The chief of IATA issued a warning, expressing that if India does not address concerns regarding taxation, airlines might withdraw from the Indian market. In recent months, the India offices of several global airline groups have received tax evasion notices from the Directorate General of GST Intelligence (DGGI).
The airlines served notices include Emirates, British Airways, Lufthansa Singapore Airlines, Etihad Airways, Thai Airways, Qatar Airways, Saudi Arabia Airlines, and Emirates. Wille Walsh, the director general of IATA, explained that the potential withdrawal could occur gradually as airlines reduce the number of flights due to profitability concerns.

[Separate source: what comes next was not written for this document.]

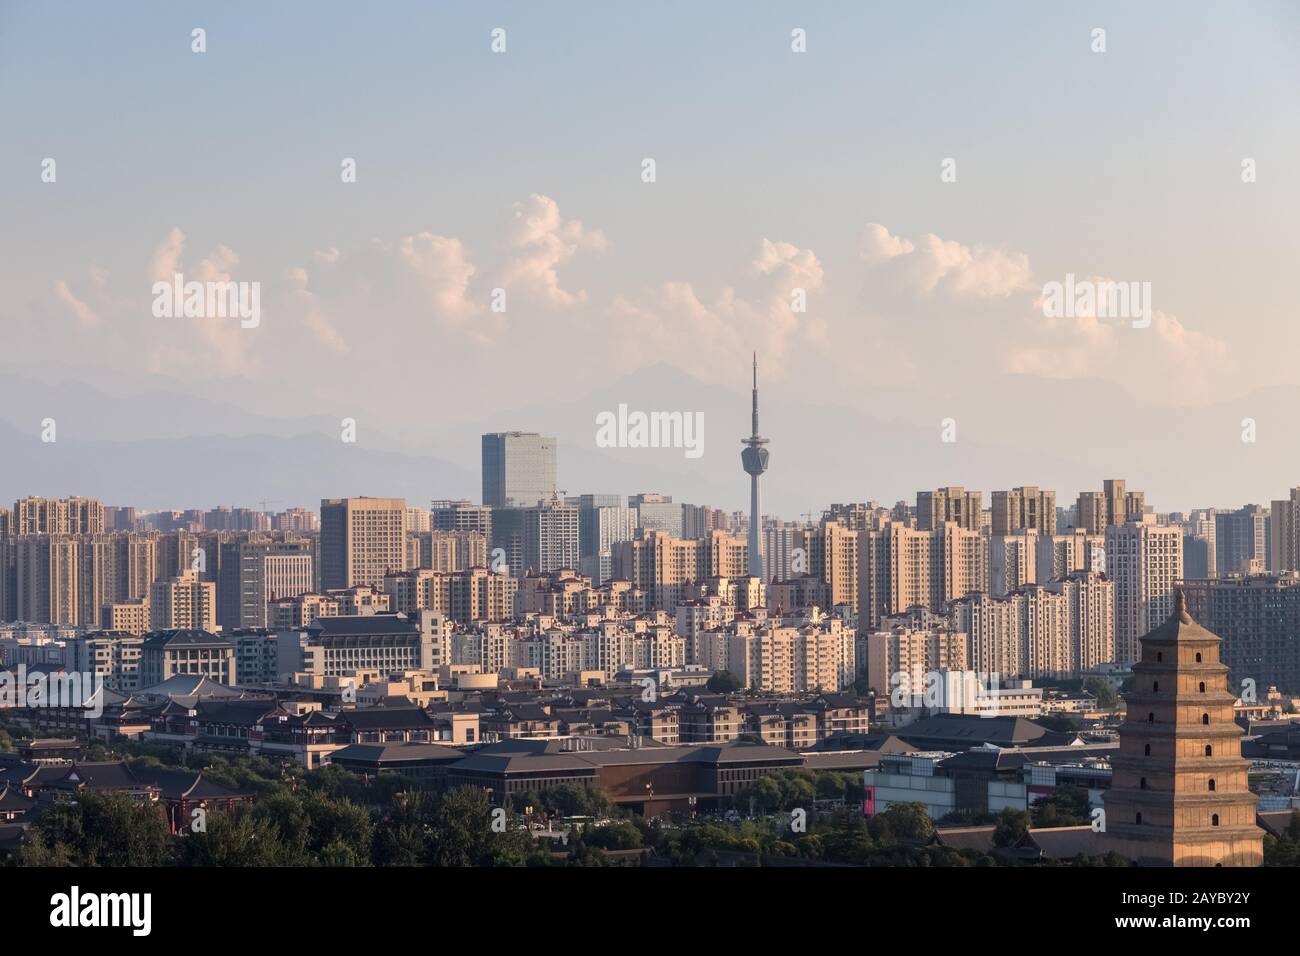 xian cityscape at dusk Stock Photo

He mentioned this during the Annual General Meeting of IATA in Dubai. IATA, which has 300 airlines as members, highlighted that the notices were related to non-payment of taxes on services such as maintenance, crew payment, and aircraft lease rentals provided by airlines to their Indian entities.
In its representation to the Indian government, IATA argued that the place of service was both the head office and branch office, suggesting airlines should only pay taxes on services taxable in India, like payment for hotel accommodation used by Indian staff outside of India.
A senior airline official explained that when a foreign airline receives permission to operate in India, the Directorate General of Civil Aviation (DGCA) grants permission to the global headquarters, not the local unit. Thus, holding the local unit liable for services is a legal gray area. IATA has petitioned the government to suspend this issue.
Additionally, IATA stated that airlines' branch offices in India do not engage in crucial operations such as contracting for aircraft leases, crew, pilots, fuel, and maintenance. All operations to and from India are decided, controlled, and operated by airlines' head offices. Therefore, it is not legally accurate to attribute strategic and operational risks and functions to branch offices in India.